- **Task**: Nothing but the entries, copied exactly, should appear in the response.
-------- Records for the exercise --------
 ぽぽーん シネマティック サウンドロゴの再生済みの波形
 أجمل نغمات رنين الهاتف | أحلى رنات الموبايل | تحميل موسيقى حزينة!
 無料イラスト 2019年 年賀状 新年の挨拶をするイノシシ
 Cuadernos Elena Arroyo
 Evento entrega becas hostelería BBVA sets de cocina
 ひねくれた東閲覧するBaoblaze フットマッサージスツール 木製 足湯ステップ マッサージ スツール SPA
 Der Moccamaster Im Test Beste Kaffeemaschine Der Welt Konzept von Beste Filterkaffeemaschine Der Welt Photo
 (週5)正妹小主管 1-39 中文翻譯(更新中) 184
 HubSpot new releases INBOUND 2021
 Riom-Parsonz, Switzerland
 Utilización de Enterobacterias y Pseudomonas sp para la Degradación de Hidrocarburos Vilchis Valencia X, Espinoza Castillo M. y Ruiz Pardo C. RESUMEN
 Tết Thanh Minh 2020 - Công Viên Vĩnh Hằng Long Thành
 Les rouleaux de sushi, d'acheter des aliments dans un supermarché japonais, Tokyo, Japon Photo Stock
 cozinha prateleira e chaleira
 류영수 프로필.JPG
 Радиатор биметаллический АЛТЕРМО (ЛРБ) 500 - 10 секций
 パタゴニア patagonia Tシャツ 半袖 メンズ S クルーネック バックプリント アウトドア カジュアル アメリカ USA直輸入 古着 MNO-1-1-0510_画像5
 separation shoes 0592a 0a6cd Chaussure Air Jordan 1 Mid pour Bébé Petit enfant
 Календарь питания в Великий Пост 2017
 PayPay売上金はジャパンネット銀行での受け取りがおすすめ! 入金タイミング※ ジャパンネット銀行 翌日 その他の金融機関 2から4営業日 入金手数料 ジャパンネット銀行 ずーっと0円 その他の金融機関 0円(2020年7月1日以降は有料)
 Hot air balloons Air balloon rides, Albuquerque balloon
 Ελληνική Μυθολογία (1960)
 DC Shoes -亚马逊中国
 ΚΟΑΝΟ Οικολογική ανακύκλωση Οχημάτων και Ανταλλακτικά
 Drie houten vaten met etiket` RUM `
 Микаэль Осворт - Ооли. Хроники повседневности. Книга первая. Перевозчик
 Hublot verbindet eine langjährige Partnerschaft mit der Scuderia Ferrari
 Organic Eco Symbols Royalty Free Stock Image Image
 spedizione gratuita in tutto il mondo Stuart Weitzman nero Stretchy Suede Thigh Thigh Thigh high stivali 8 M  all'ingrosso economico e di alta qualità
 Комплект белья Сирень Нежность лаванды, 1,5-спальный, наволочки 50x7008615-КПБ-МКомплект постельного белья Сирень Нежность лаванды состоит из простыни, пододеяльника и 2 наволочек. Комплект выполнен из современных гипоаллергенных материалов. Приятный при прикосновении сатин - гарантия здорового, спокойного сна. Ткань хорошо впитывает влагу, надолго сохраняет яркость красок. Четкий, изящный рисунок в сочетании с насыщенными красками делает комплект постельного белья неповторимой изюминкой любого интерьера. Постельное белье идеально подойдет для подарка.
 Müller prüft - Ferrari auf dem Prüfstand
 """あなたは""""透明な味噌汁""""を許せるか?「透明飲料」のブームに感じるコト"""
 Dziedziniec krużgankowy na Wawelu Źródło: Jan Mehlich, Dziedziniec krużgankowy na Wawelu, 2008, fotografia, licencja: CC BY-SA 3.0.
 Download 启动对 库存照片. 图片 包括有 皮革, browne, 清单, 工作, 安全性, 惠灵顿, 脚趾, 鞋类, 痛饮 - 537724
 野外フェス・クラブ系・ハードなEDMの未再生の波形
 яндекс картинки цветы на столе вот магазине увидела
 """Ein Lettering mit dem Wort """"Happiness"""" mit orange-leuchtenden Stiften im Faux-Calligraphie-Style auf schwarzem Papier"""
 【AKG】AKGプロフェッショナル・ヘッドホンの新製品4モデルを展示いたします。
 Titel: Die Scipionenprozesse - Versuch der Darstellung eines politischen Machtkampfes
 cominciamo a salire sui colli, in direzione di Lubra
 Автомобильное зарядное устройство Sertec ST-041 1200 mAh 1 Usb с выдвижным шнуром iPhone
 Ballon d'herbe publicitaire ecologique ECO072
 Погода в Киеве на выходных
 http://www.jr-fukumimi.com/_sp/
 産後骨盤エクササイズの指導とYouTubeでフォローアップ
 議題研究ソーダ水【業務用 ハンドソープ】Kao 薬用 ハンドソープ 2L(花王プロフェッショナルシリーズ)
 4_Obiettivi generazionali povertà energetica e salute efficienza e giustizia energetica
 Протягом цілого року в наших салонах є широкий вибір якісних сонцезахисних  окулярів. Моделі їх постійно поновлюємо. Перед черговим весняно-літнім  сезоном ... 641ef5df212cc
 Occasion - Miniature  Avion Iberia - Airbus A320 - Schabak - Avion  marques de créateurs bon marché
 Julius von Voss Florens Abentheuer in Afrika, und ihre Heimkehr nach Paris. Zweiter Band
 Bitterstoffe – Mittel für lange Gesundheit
--------
- **Result below**:
 ぽぽーん シネマティック サウンドロゴの再生済みの波形
 أجمل نغمات رنين الهاتف | أحلى رنات الموبايل | تحميل موسيقى حزينة!
 無料イラスト 2019年 年賀状 新年の挨拶をするイノシシ
 Cuadernos Elena Arroyo
 Evento entrega becas hostelería BBVA sets de cocina
 ひねくれた東閲覧するBaoblaze フットマッサージスツール 木製 足湯ステップ マッサージ スツール SPA
 Der Moccamaster Im Test Beste Kaffeemaschine Der Welt Konzept von Beste Filterkaffeemaschine Der Welt Photo
 (週5)正妹小主管 1-39 中文翻譯(更新中) 184
 HubSpot new releases INBOUND 2021
 Riom-Parsonz, Switzerland
 Utilización de Enterobacterias y Pseudomonas sp para la Degradación de Hidrocarburos Vilchis Valencia X, Espinoza Castillo M. y Ruiz Pardo C. RESUMEN
 Tết Thanh Minh 2020 - Công Viên Vĩnh Hằng Long Thành
 Les rouleaux de sushi, d'acheter des aliments dans un supermarché japonais, Tokyo, Japon Photo Stock
 cozinha prateleira e chaleira
 류영수 프로필.JPG
 Радиатор биметаллический АЛТЕРМО (ЛРБ) 500 - 10 секций
 パタゴニア patagonia Tシャツ 半袖 メンズ S クルーネック バックプリント アウトドア カジュアル アメリカ USA直輸入 古着 MNO-1-1-0510_画像5
 separation shoes 0592a 0a6cd Chaussure Air Jordan 1 Mid pour Bébé Petit enfant
 Календарь питания в Великий Пост 2017
 PayPay売上金はジャパンネット銀行での受け取りがおすすめ! 入金タイミング※ ジャパンネット銀行 翌日 その他の金融機関 2から4営業日 入金手数料 ジャパンネット銀行 ずーっと0円 その他の金融機関 0円(2020年7月1日以降は有料)
 Hot air balloons Air balloon rides, Albuquerque balloon
 Ελληνική Μυθολογία (1960)
 DC Shoes -亚马逊中国
 ΚΟΑΝΟ Οικολογική ανακύκλωση Οχημάτων και Ανταλλακτικά
 Drie houten vaten met etiket` RUM `
 Микаэль Осворт - Ооли. Хроники повседневности. Книга первая. Перевозчик
 Hublot verbindet eine langjährige Partnerschaft mit der Scuderia Ferrari
 Organic Eco Symbols Royalty Free Stock Image Image
 spedizione gratuita in tutto il mondo Stuart Weitzman nero Stretchy Suede Thigh Thigh Thigh high stivali 8 M  all'ingrosso economico e di alta qualità
 Комплект белья Сирень Нежность лаванды, 1,5-спальный, наволочки 50x7008615-КПБ-МКомплект постельного белья Сирень Нежность лаванды состоит из простыни, пододеяльника и 2 наволочек. Комплект выполнен из современных гипоаллергенных материалов. Приятный при прикосновении сатин - гарантия здорового, спокойного сна. Ткань хорошо впитывает влагу, надолго сохраняет яркость красок. Четкий, изящный рисунок в сочетании с насыщенными красками делает комплект постельного белья неповторимой изюминкой любого интерьера. Постельное белье идеально подойдет для подарка.
 Müller prüft - Ferrari auf dem Prüfstand
 """あなたは""""透明な味噌汁""""を許せるか?「透明飲料」のブームに感じるコト"""
 Dziedziniec krużgankowy na Wawelu Źródło: Jan Mehlich, Dziedziniec krużgankowy na Wawelu, 2008, fotografia, licencja: CC BY-SA 3.0.
 Download 启动对 库存照片. 图片 包括有 皮革, browne, 清单, 工作, 安全性, 惠灵顿, 脚趾, 鞋类, 痛饮 - 537724
 野外フェス・クラブ系・ハードなEDMの未再生の波形
 яндекс картинки цветы на столе вот магазине увидела
 """Ein Lettering mit dem Wort """"Happiness"""" mit orange-leuchtenden Stiften im Faux-Calligraphie-Style auf schwarzem Papier"""
 【AKG】AKGプロフェッショナル・ヘッドホンの新製品4モデルを展示いたします。
 Titel: Die Scipionenprozesse - Versuch der Darstellung eines politischen Machtkampfes
 cominciamo a salire sui colli, in direzione di Lubra
 Автомобильное зарядное устройство Sertec ST-041 1200 mAh 1 Usb с выдвижным шнуром iPhone
 Ballon d'herbe publicitaire ecologique ECO072
 Погода в Киеве на выходных
 http://www.jr-fukumimi.com/_sp/
 産後骨盤エクササイズの指導とYouTubeでフォローアップ
 議題研究ソーダ水【業務用 ハンドソープ】Kao 薬用 ハンドソープ 2L(花王プロフェッショナルシリーズ)
 4_Obiettivi generazionali povertà energetica e salute efficienza e giustizia energetica
 Протягом цілого року в наших салонах є широкий вибір якісних сонцезахисних  окулярів. Моделі їх постійно поновлюємо. Перед черговим весняно-літнім  сезоном ... 641ef5df212cc
 Occasion - Miniature  Avion Iberia - Airbus A320 - Schabak - Avion  marques de créateurs bon marché
 Julius von Voss Florens Abentheuer in Afrika, und ihre Heimkehr nach Paris. Zweiter Band
 Bitterstoffe – Mittel für lange Gesundheit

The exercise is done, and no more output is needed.